The race does not publish an official total elevation gain, so be careful with any single number you see (GPS watches disagree a lot on this lake). What you can count on is that this is rolling foothill terrain, not a high-alpine grind. The vert comes in repeated short, punchy climbs and a few named ones (Cardiac Hill on the way up to Auburn Overlook, the Meat Grinder, K2 near Cool), not in one long sustained ascent. Treat it as a course where the climbing nibbles at your legs all day rather than one big climb you can brace for.

What time does the Folsom 100 start, and why an evening start?

The 100 mile has gone off in the evening, around 7 PM on the Friday, which is unusual but on purpose. Because the loop runs clockwise around Folsom Lake in the August heat, starting at night lets you bank cooler, shaded miles in the dark before the sun is a problem. The trade-off is you are running through the night on fresh legs, then you hit the hot middle of the course (including the road section) the following afternoon when you are already tired. Always confirm the exact start time for the year you are running, since it can shift.

What are the cutoff times and aid stations for the Folsom 100?

The 100 mile has a 34-hour overall cutoff, which is roomy for the distance. The loop is supported by a string of aid stations roughly every 5 to 11 miles, with named stops like Rattlesnake, Cardiac Hill, Auburn Overlook Park, Cool, Rattlesnake Bar, Skunk Hollow, Magnolia, and Browns Ravine on the way back to Granite Bay. Drop bags are typically allowed at a few of them (Auburn Overlook, Cool, Skunk Hollow), and pacers can join from Auburn Overlook. Confirm the current aid-station list, spacing, and any intermediate cutoffs in the race-day details before you start.

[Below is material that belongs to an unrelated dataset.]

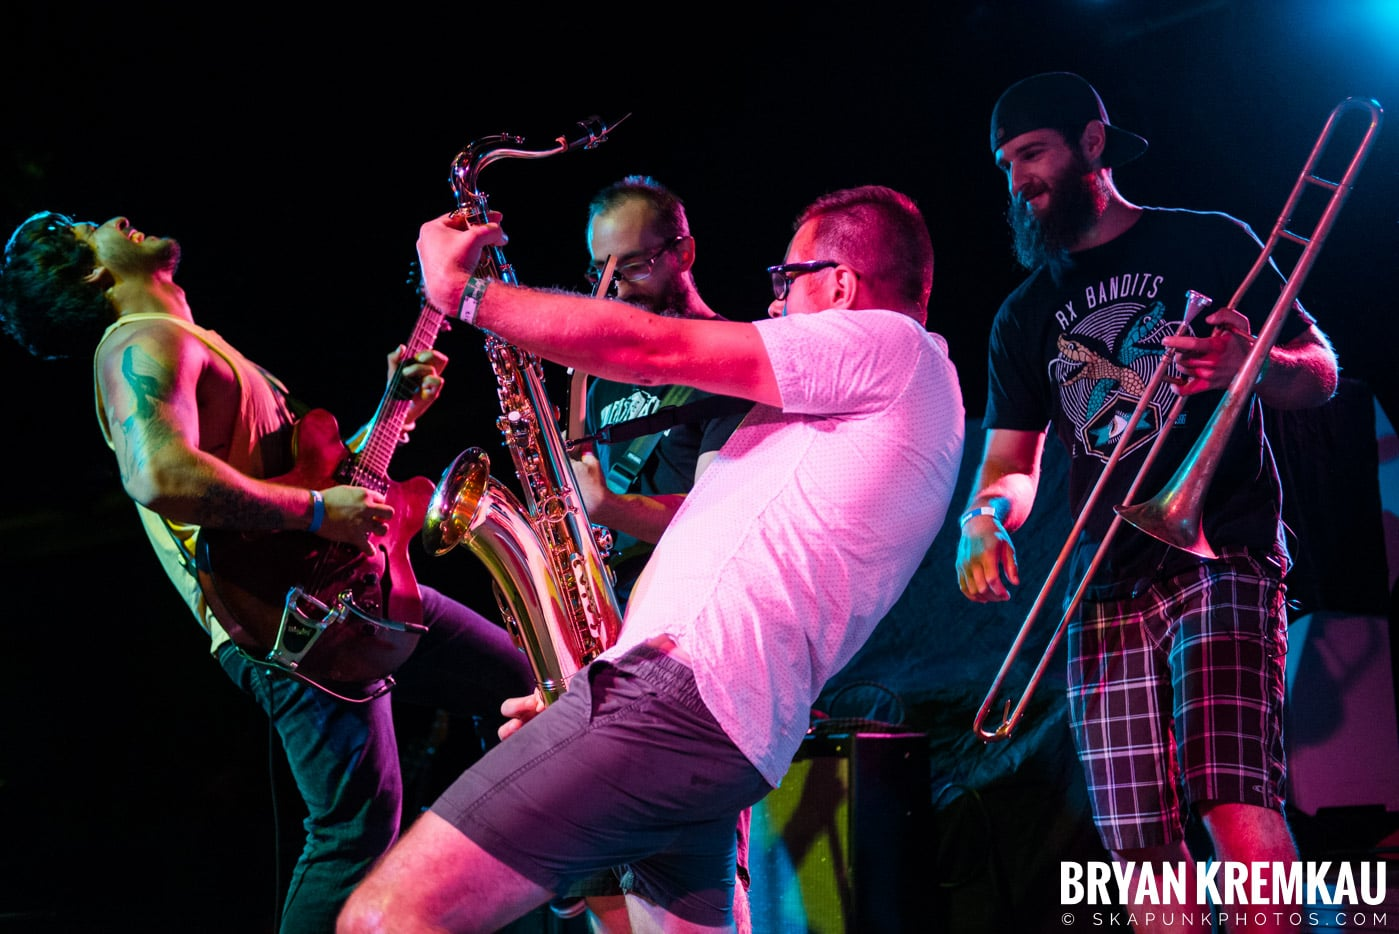 Backyard Superheroes @ Starland Ballroom, Sayreville, NJ - 7.29.17 (2)

Do I need a crew, pacer, or drop bags for the Folsom 100?

You can finish self-supported off the aid stations and drop bags, but a crew and a pacer make a hot night hundred a lot more manageable. Drop bags get you to a few key points (Auburn Overlook, Cool, Skunk Hollow), so stash lights, a jacket for the night, sunscreen and extra fluid for the day, and your backup nutrition. Pacers are allowed starting at Auburn Overlook, which is exactly when company helps: through the late night, the hot afternoon, and the long grind back toward the finish. A reflective vest and a light are required on the road and at night, so pack those no matter what.

What is the terrain and weather like at the Folsom 100?

It is mostly unpaved (the race describes it as around 85 percent trail) on the single-track and fire roads that ring Folsom Lake, with a real road stretch in the middle (roughly 10 miles of pavement) that tends to land in the hot part of the day. Early August in the Sierra foothills is hot and dry, often well into the 90s in the afternoon, then it cools off at night, so you are dressing for two very different races in one. Plan for full dark on the front end (lights, a layer) and for serious heat management on the back end (fluid, sodium, sun cover). Confirm conditions and any course changes with the race before you go.

This guide is independent and for planning only. The course details, dates, start time, cutoffs, and aid stations come from public sources and can change year to year, so confirm the current specifics with the official race before you register or run. The fueling and pacing advice is general and not medical advice.